# [RECORDED DATA]
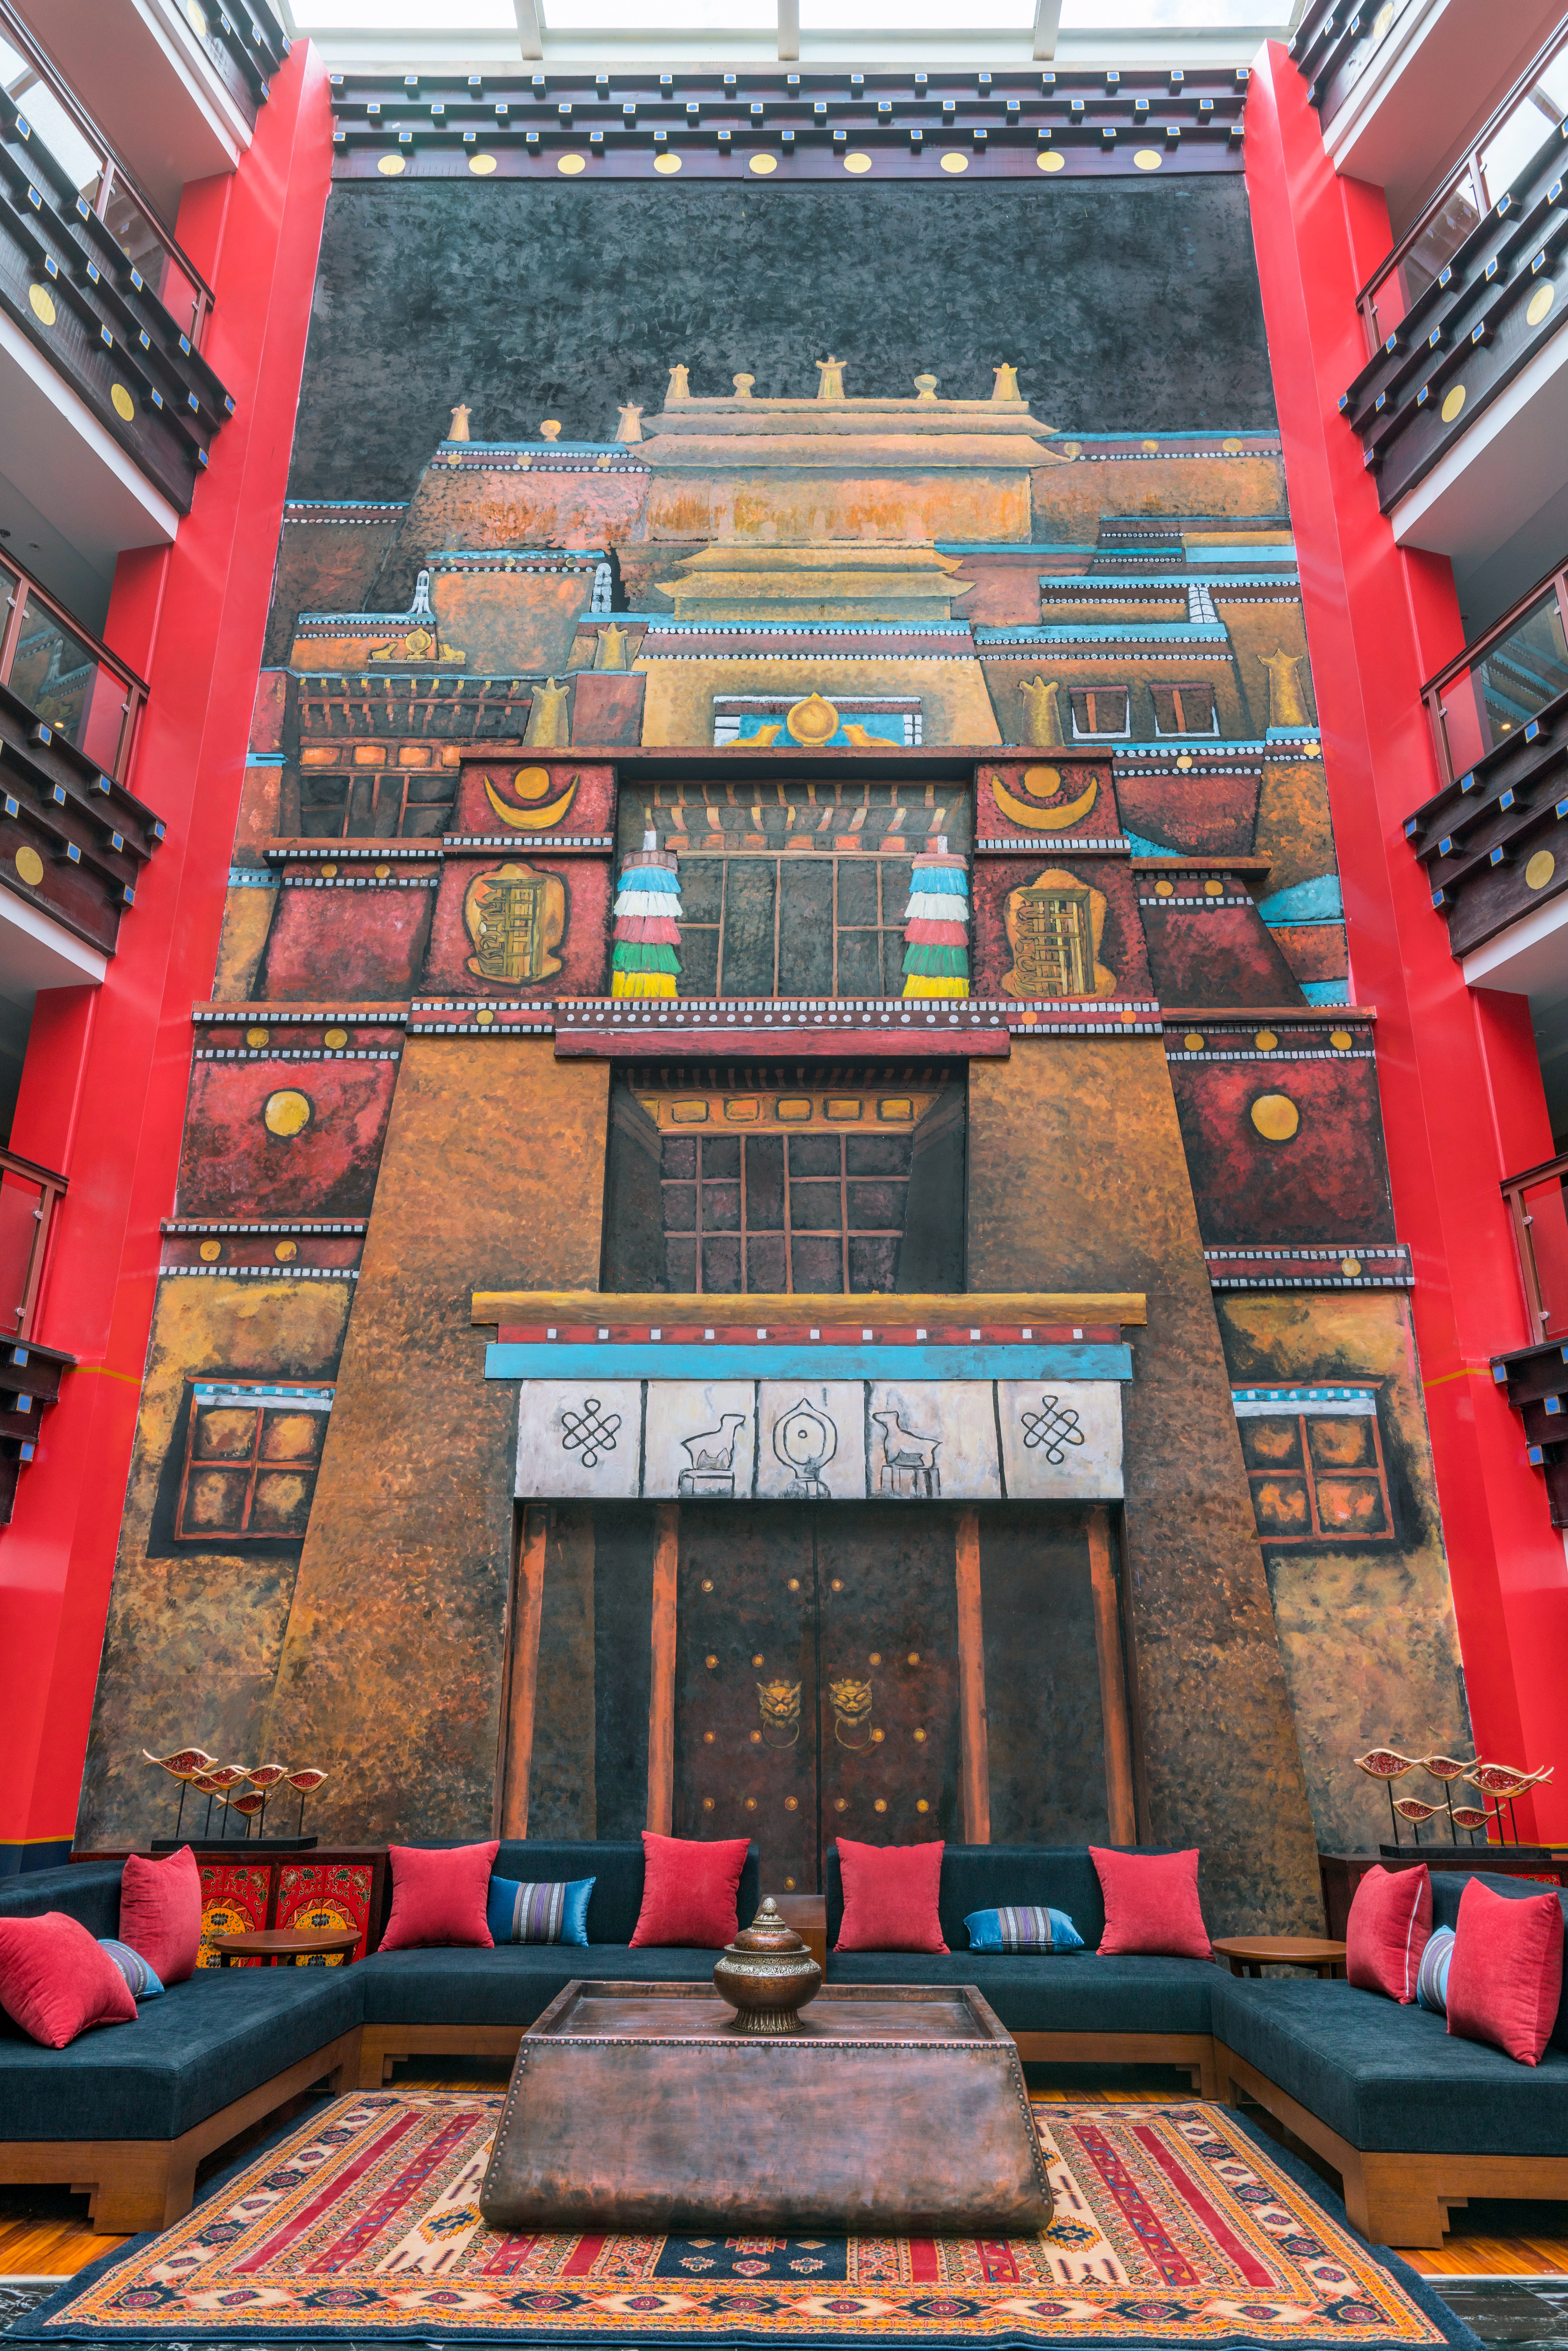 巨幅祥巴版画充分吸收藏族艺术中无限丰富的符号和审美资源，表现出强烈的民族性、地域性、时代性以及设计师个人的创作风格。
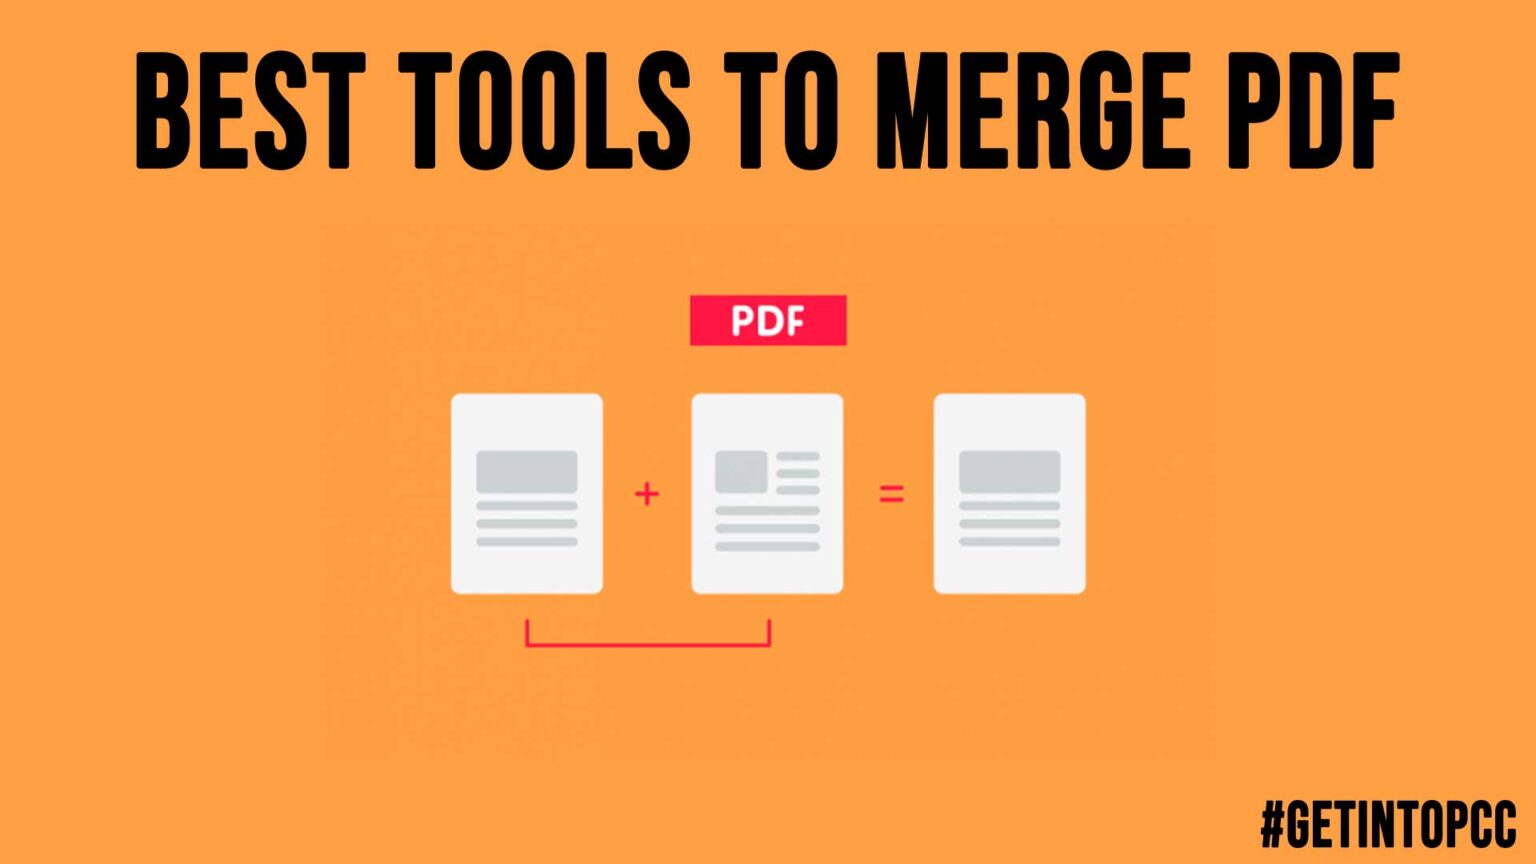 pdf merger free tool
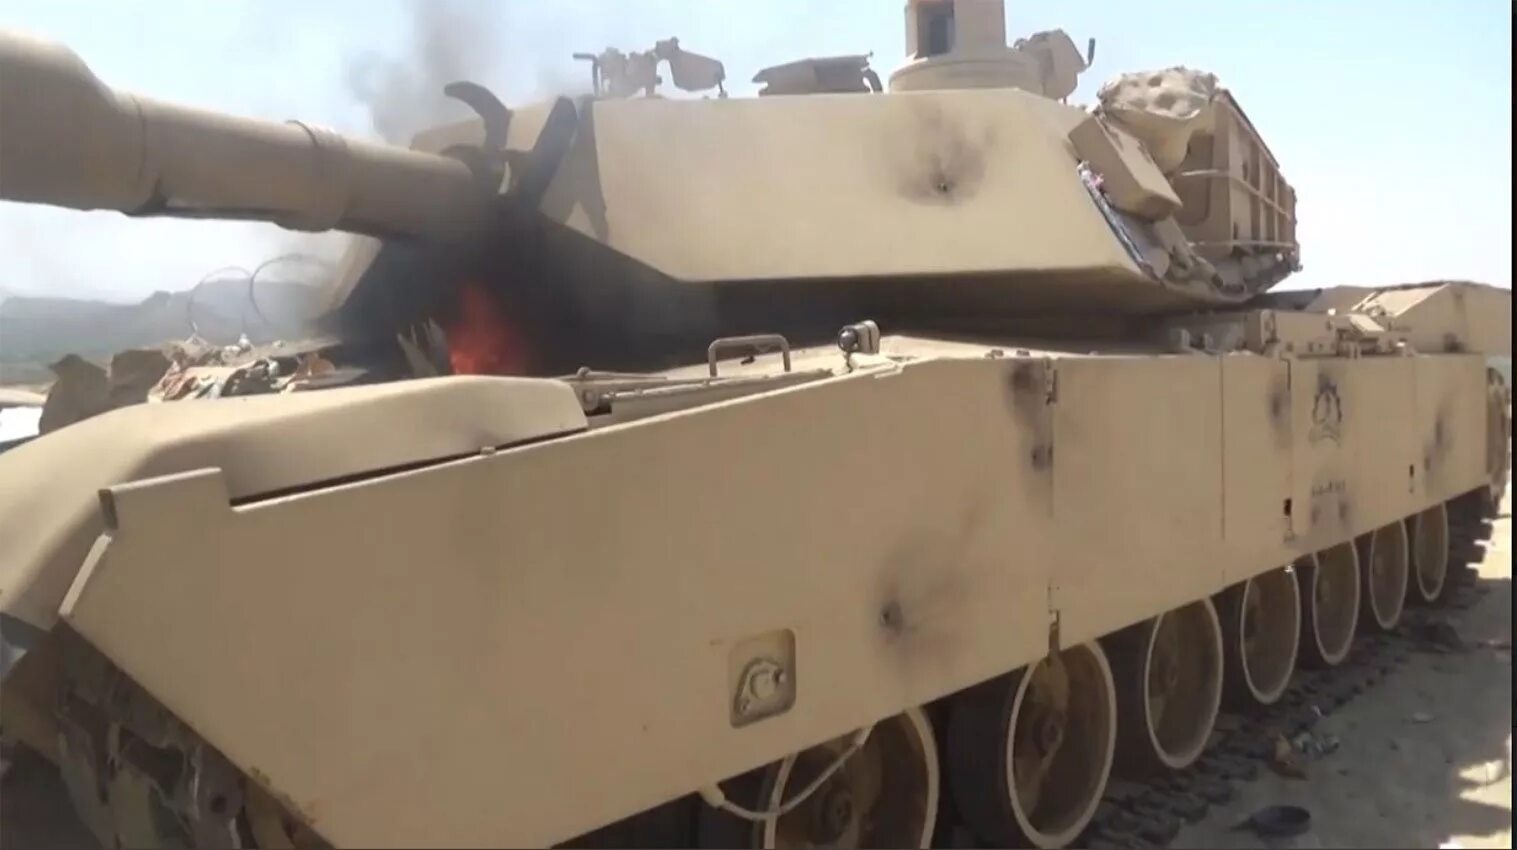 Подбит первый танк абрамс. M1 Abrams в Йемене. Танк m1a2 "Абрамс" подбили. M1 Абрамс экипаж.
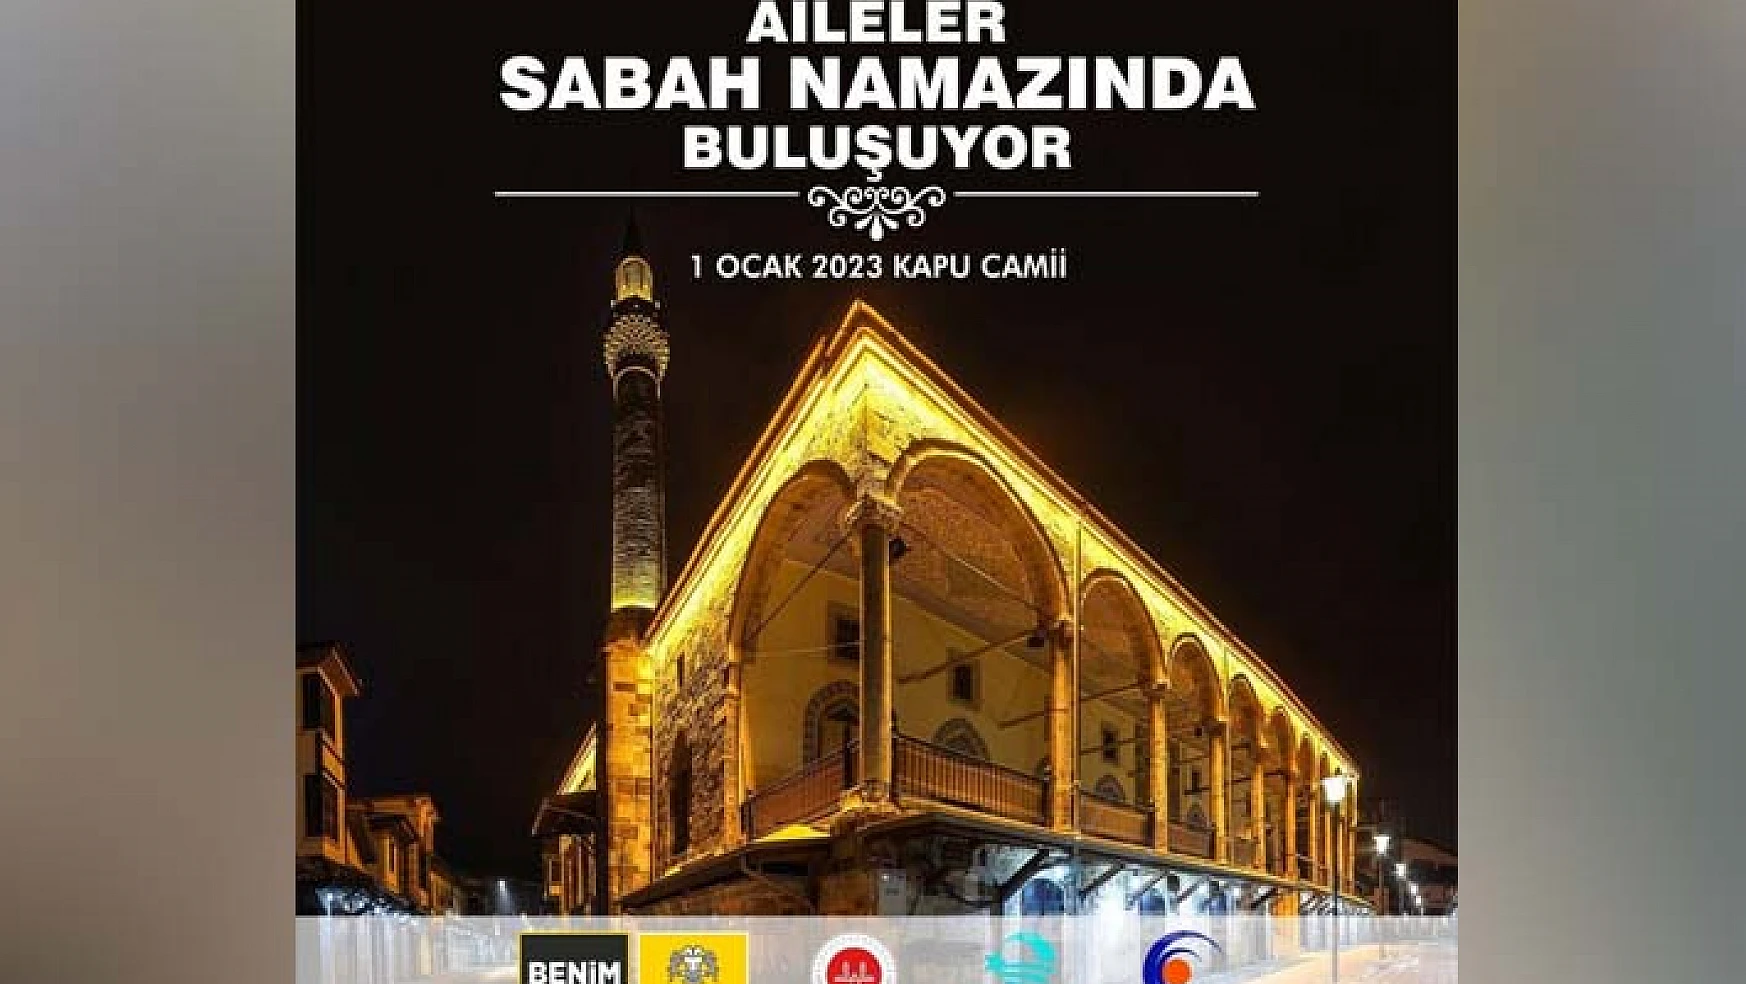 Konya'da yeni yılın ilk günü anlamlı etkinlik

# [TASK PROMPT]
Copy out the lines above unchanged. Skip the images.

# [EXPECTED OUTPUT]
 巨幅祥巴版画充分吸收藏族艺术中无限丰富的符号和审美资源，表现出强烈的民族性、地域性、时代性以及设计师个人的创作风格。
 pdf merger free tool
 Подбит первый танк абрамс. M1 Abrams в Йемене. Танк m1a2 "Абрамс" подбили. M1 Абрамс экипаж.
 Konya'da yeni yılın ilk günü anlamlı etkinlik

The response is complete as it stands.